Die folgende Ausführung ist meine persönliche Erfahrung und Empfindung. Nicht jeder Mensch ist gleich.

 

Chemotherapie, ein großes Wort. Furchteinflößend. Viele Fragen kamen mir in meinen Kopf, als ich das erste mal hörte, dass mir das blühen würde.

Was sind die Nebenwirkungen? Werde ich dadurch unfruchtbar? Wann und ob fallen mir die Haare aus? Werde ich das überstehen? Muss ich während der gesamten Therapie im Krankenhaus sein? Werde ich daran sterben? Hilfe, was ist das für ein Gift?


In der Ausbildung gab es natürlich eine Unterrichtseinheit zum Thema Gefahrenstoffe. Auf einmal war diese Aussage der Dozentin wieder präsent in meinen Gehirnwindungen: Einzig und allein auf Chemoinfusionen fehlt der Warnhinweis, dass es sich dabei um Giftstoffe handelt. Der Grund: damit Patienten nicht beunruhigt werden.
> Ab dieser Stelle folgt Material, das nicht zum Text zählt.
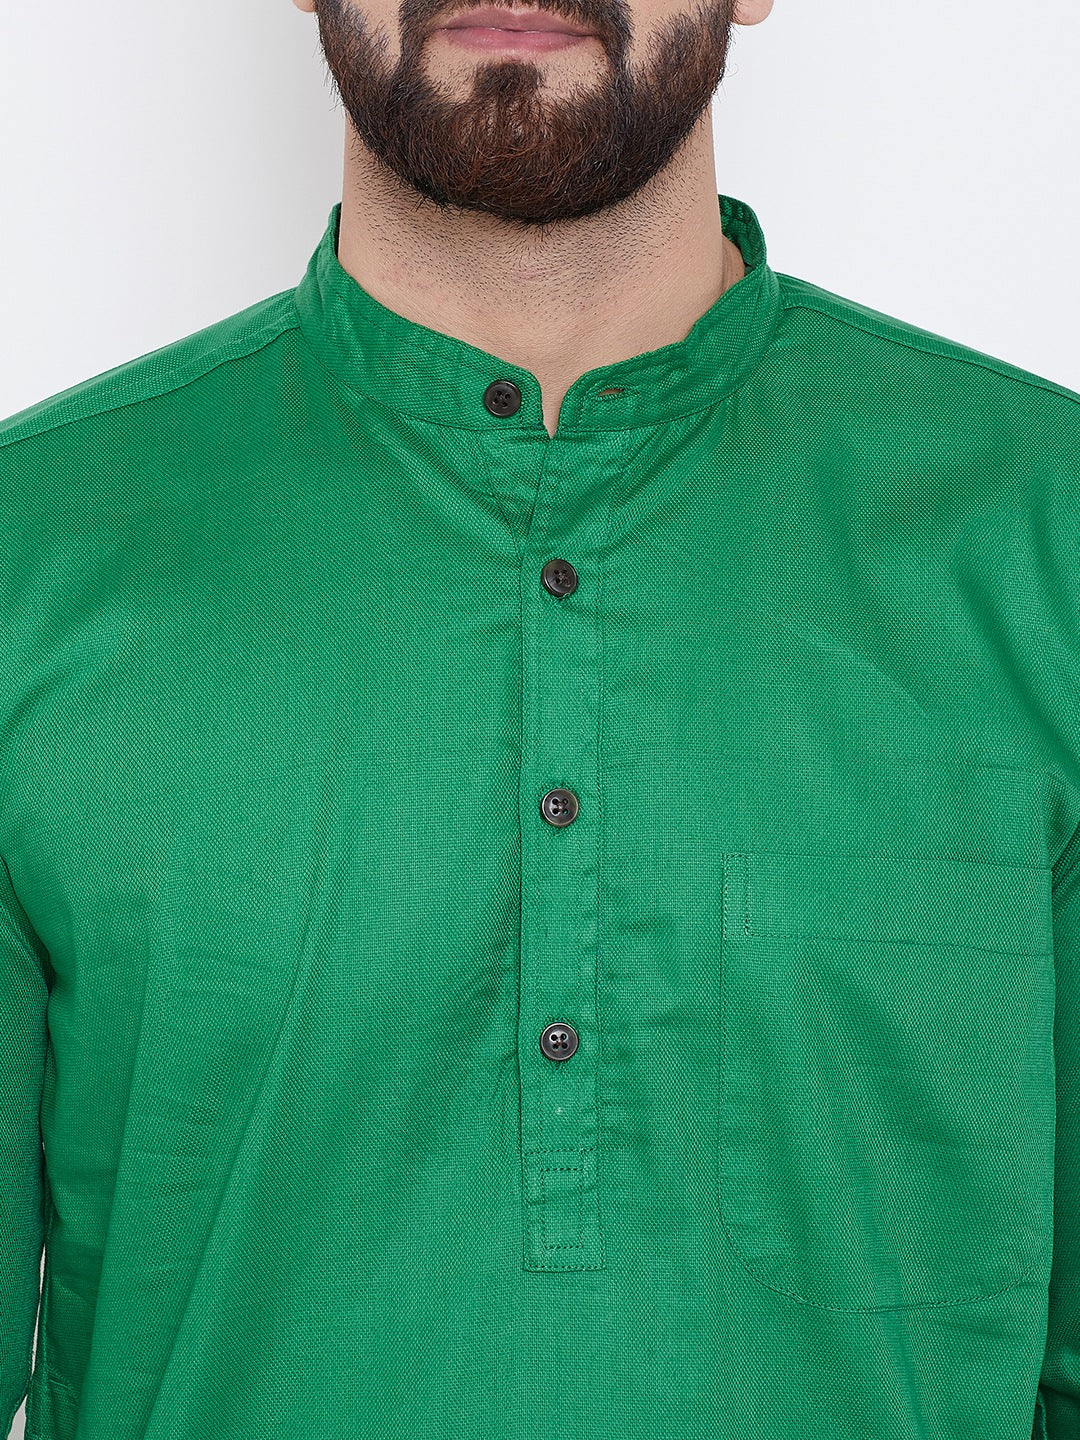 Men's Leaf Green Cotton Kurta - Even Apparels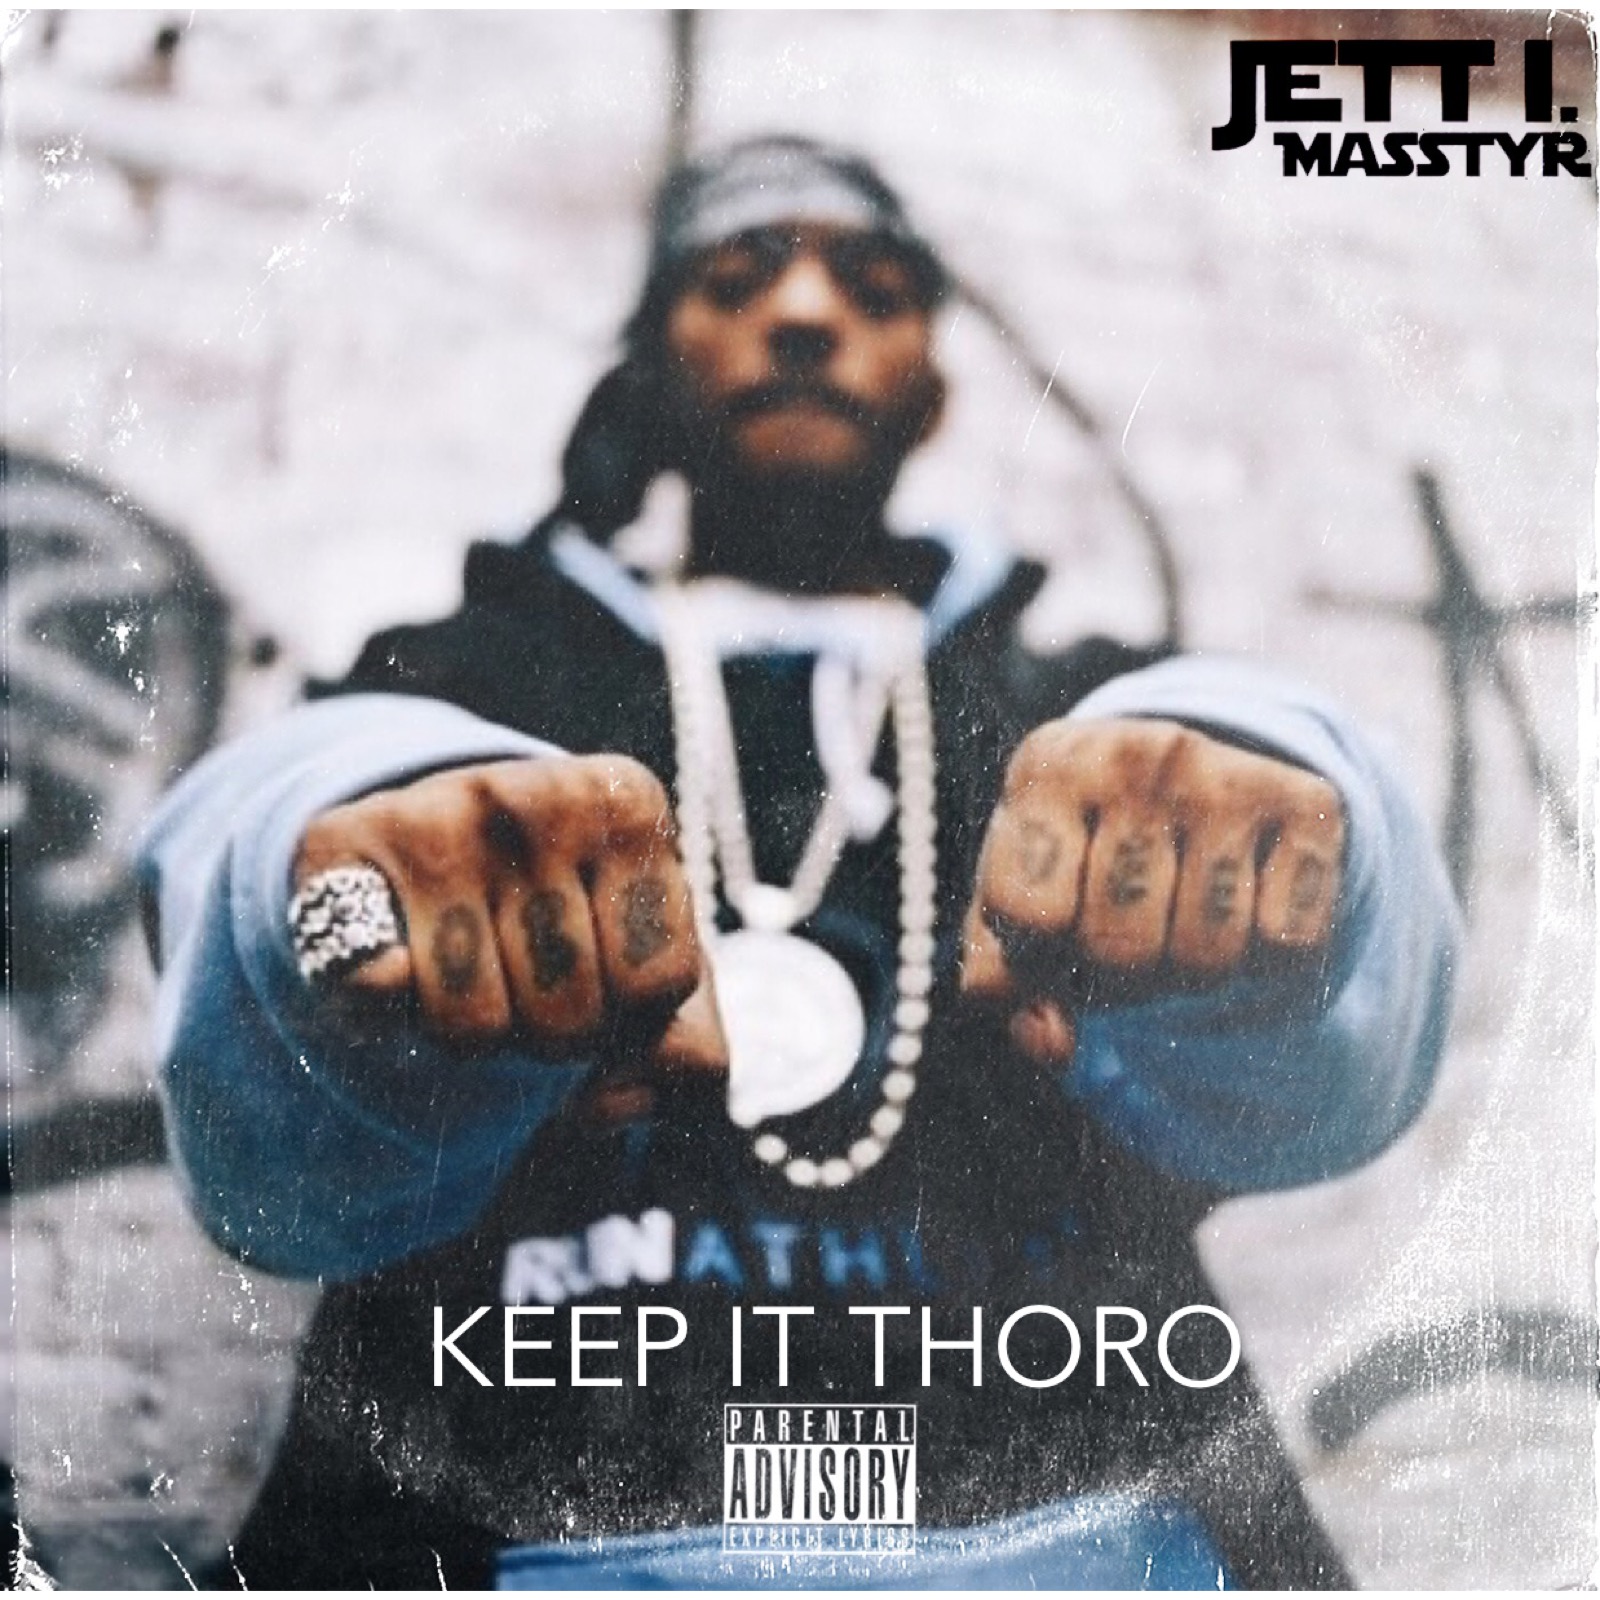 Prodigy – “Keep It Thoro” (remix) – produced by Jett I Masstyr

Hintergrundwissen kann manchmal echt ätzend sein. Szenarien, wie ich nur noch die Toilettenschüssel umarmen würde, kamen mir spontan in den Kopf. Ich malte mir aus, wie ich ohne Haupthaar, Augenbrauen und Wimpern aussehen würde. Ich stellte mir vor, wie ich keinen Bissen mehr vor Übelkeit herunter bekommen würde. Und wieder einmal hatte mich die Angst mehr im Griff. Die Ärzte versuchten mich zu beruhigen und erklärten mir, dass sie schwere Geschütze auffahren können, sollte es mit der Übelkeit wirklich so schlimm werden. Tatsächlich beginnt der Haarausfall zwei bis drei Wochen nach Beginn der ersten Chemotherapie. Augenbrauen und Wimpern sind zwar dünner geworden aber nicht komplett ausgefallen.


NICHTS wird so heiß gegessen, wie es gekocht wird.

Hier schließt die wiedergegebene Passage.